Соломоновна оказалась жилистой сухой бабкой с пронзительными недобрыми глазками.
– Это какие же Назаряны? Уж не те ли самые, у которых сын – убийца?
Этой информацией подруги не владели. Но с интересом согласились выслушать старуху по поводу убийцы Назаряна. А той только того и надо было. Верно охарактеризовала ее первая соседка. Соломоновна была заядлая сплетница. И хранила в своей порядком облысевшей голове много совершенно бесполезного хлама, в числе которого обнаружилась и трагическая история семьи Назарянов.
Верней сказать, трагедия касалась только младшего сына дяди Назара. И старой Акоповне этот молодой на тот момент человек приходился родным племянником. Юношу звали Эмин. И был он тихим и незаметным. Личность его на фоне старшего брата – отличника, активиста и комсомольца, лидера одним словом, – совершенно терялась. В общем, до восемнадцати лет об Эмине можно было сказать только то, что он сын Назара – ударника производства и брат Назара – комсорга школы.
– Мы долго не могли поверить, что парень способен на такое злодейство, – говорила Соломоновна, закатывая свои словно бы выцветшие от яркого солнца желтоватые глаза.
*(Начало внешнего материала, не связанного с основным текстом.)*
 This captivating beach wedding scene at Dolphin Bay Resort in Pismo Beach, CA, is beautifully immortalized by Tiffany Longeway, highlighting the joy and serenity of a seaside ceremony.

Злодейство, по ее словам, заключалось в том, что юноша убил свою сокурсницу. Во всяком случае, его в этом обвинили. Он отрицать не стал. И угодил за решетку на долгие восемь лет. Семья Назарянов, чтобы избежать позора, спешно обменяла квартиру.
– Никому даже не сказали, где их искать! – злобно шипела Соломоновна. – Только шила в мешке не утаишь. Эмин-то положенный срок отсидел и вернулся. Сама лично его видела, когда он сюда приходил.
– К родителям?
– Родители его тут давно уже не жили, – махнула рукой Соломоновна. – Говорю вам – перебрались на новое место, едва только парня осудили. Да и как им было тут жить? Каждый в глаза мог им сказать, что они убийцу себе на горе вырастили. А и не сказали бы, так сами должны были понимать. Люди ведь все помнят.
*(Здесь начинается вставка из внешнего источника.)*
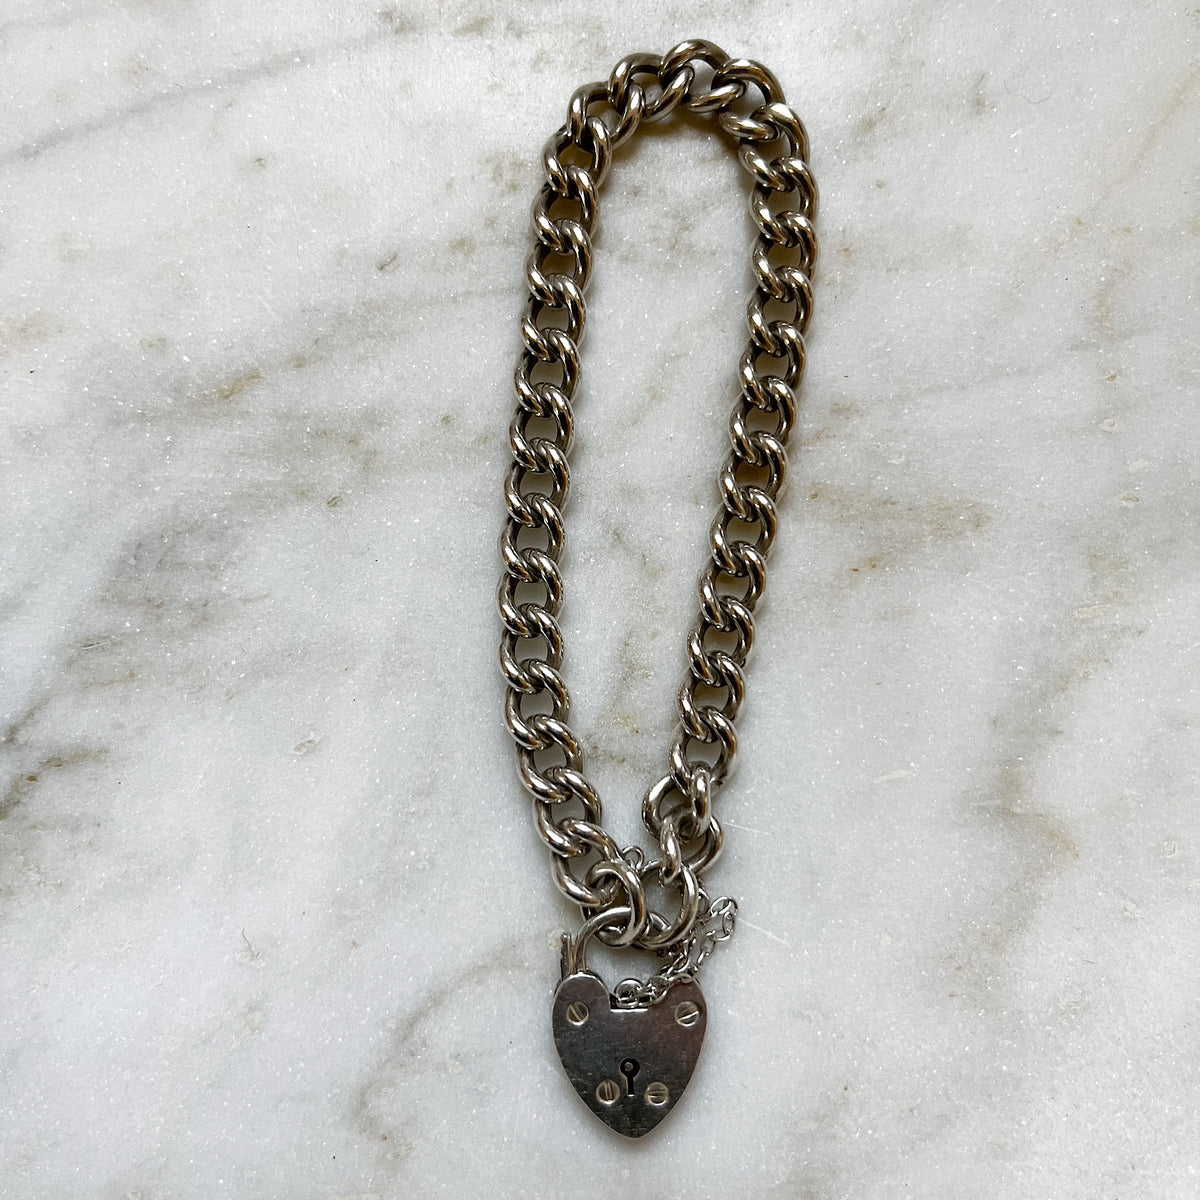 Antique Pocket Watch Chain Bracelet With Heart

– Особенно хорошо они помнят чужие ошибки и промахи, – проворчала Мариша.
Соломоновна язвительности в словах девушки не услышала. И потому кивнула и продолжала:
– Ну так вот, пришел Эмин, в дверь родную постучался, а оттуда ему чужие люди и говорят: «Пошел прочь! Знать мы тебя не знаем! И где твои сейчас живут, тоже не знаем!»
– И куда же он пошел?! – вырвалось у Мариши, помимо воли почувствовавшей жалость к парню, от которого отвернулись все его родные.
Но Соломоновна явно ее чувств не разделяла.
– Откуда мне знать? – равнодушно пожала она плечами. – Пошел куда-то. Небось оброс в тюрьме связями. Приютили его дружки-уголовники. Они своих не бросают.
– Зачем вы так? Может быть, он и не был ни в чем виноват?
– Невиновных не судят!
– Сами же сказали, что Эмин был тихий. Мухи не обидел за свою жизнь. Его могли оговорить.
– Если не был виноват, зачем тогда чужую вину на себя взял?!
С этим утверждением не поспоришь. Подруги и не пытались. Не удивила их и позиция родителей Эмина, поторопившихся уехать подальше от позора. Вот только странно, почему они не предупредили своего младшего сына, что переехали?
– А чего тут понимать?! – фыркнула Соломоновна. – Не предупредили, значит, не хотели, чтобы он явился к ним после отсидки!
– Как это? – ахнули подруги.
– Вычеркнули Назаряны младшего сына из своей жизни! Он их опозорил. Не захотели они знаться с убийцей!
– Все?
– Отец, мать и брат. Все уехали.
Мариша задумалась. По словам Гоар Акоповны, у ее брата было трое детей. Старший уехал с родителями. Младший оказался за решеткой. А где же третий?
– Я про третьего ничего не знаю, – покачала головой Соломоновна. – Двое мальчиков у Назарянов росло. Назар и Эмин.
На улицу подруги вышли в смятении. С одной стороны, им было отчего-то жаль младшего Назаряна. А с другой – их возмущала черствость его семьи. Ну, позор, понятно. Переехали. Разное в жизни случается. Но как можно было совсем отвернуться от Эмина?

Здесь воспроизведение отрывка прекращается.